Wright State University–Lake Campus
- Motto: Ad docendum, Investigandum, Serviendum (Latin)
- Motto in English: Teaching, Research, Service
- Type: Public
- Established: 1962; 64 years ago
- Parent institution: Wright State University
- Dean: Dan E. Krane
- Academic staff: 68
- Students: 1,205
- Location: Celina, Ohio, U.S. 40°32′45″N 84°30′32″W﻿ / ﻿40.5458°N 84.5089°W
- Campus: Rural, 211 acres (85 ha);
- Colors: Green and gold
- Nickname: Lakers
- Website: lake.wright.edu

= Wright State University–Lake Campus =

Public university in Celina, Ohio, U.S.

Wright State University–Lake Campus is a branch campus of Wright State University located in Jefferson Township, between Celina, and St. Marys, Ohio. The 211 acre campus sits on the northern shore of Grand Lake St. Marys at 7600 Lake Campus Drive. Founded in 1962 by the Western Ohio Educational Foundation, an organization created to support higher education in the Mercer and Auglaize counties of Ohio, the school was affiliated with Ohio Northern University before it became a branch campus of Wright State University in 1969. Located near Dayton, Wright State is part of the University System of Ohio.

== Academics ==
The WSU-Lake Campus offers general education courses and certificate programs, associate degrees, bachelor's degrees and a Master of Business Administration degree. The school participates in the Ohio Transfer Module, which allows for the transfer of credits among Ohio's public colleges and universities. In addition, nine degrees are offered jointly by the WSU-Lake Campus and the main campus of Wright State University in Fairborn, Ohio.

==Facilities==
- Dwyer Hall: At the center of campus, Dwyer Hall houses classrooms, computer labs, science labs, a cafeteria, a bookstore, student services staff, and faculty and administration offices.
- Andrews Hall: The library is located in Andrews Hall along with the student success center, computer labs, science labs, and a nursing simulation lab.
- Agriculture Education and Water Quality Center: Completed in 2018, the building houses a multipurpose classroom, an agriculture lab, and a water quality lab.
- Trenary Hall: Renovated in 2015, Trenary Hall houses labs and classrooms for engineering academic programs and the Business Enterprise Center.

===Campus Housing===
Campus housing consists of three apartment houses on the west end of campus with a capacity of 96 residents.
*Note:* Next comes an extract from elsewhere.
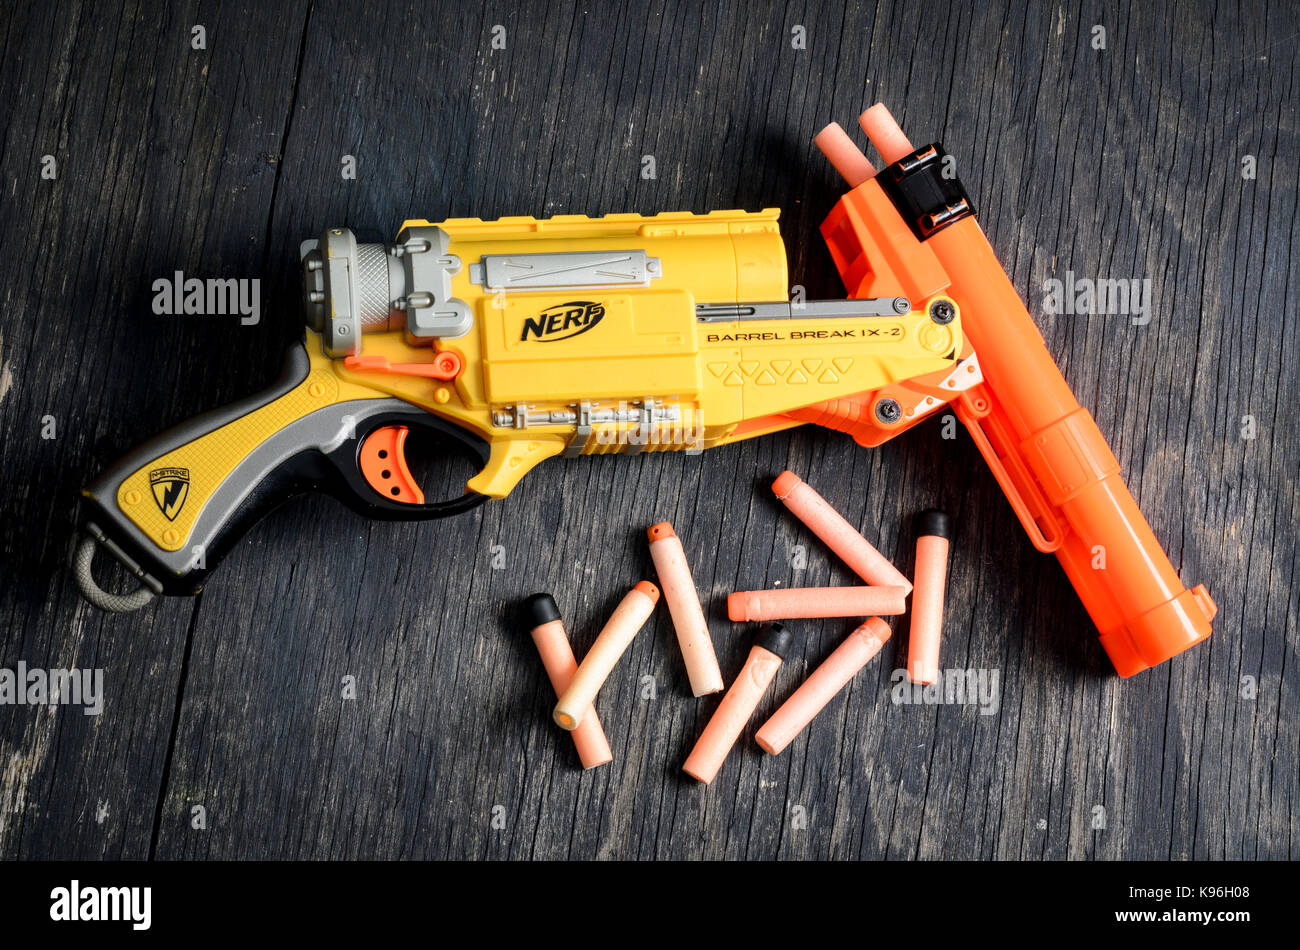 Nerf Dart Pistole und Schaum Kugeln Stockfotografie - Alamy

Knapke Villa, East Villa, and West Villa contain townhouse-style apartments on the shores of Grand Lake St. Marys.

== Rankings ==
- Affordable Schools ranked the WSU-Lake Campus third on its list of the "20 Best Affordable Schools in Ohio for Bachelor’s Degree 2020."
- Universities.com ranked WSU-Lake Campus ninth among the "Best Engineering Technology Colleges in Ohio for 2021."
- Prepler.com ranked the WSU-Lake Campus 12th on its list of the "2021 Best Public Colleges in Ohio."
- EdSmart.org ranked the WSU-Lake Campus RN-BSN Completion Program 14th on its list of the "30 Most Affordable Online RN to BSN Programs."
- Great Value Colleges ranked WSU-Lake Campus 18th on its list of the "100 Most Affordable Small Colleges East of the Mississippi."
- CollegeCalc ranked the WSU-Lake Campus 19th on its list of "The Cheapest Colleges in Ohio by In State Tuition for 2021."

== Athletics ==
The Wright State–Lake (WSULC) athletic teams are called the Lakers. The university is a member of the United States Collegiate Athletic Association (USCAA).

WSULC competes in three intercollegiate varsity sports: Men's sports include baseball and basketball; while women's sports include cross country and volleyball.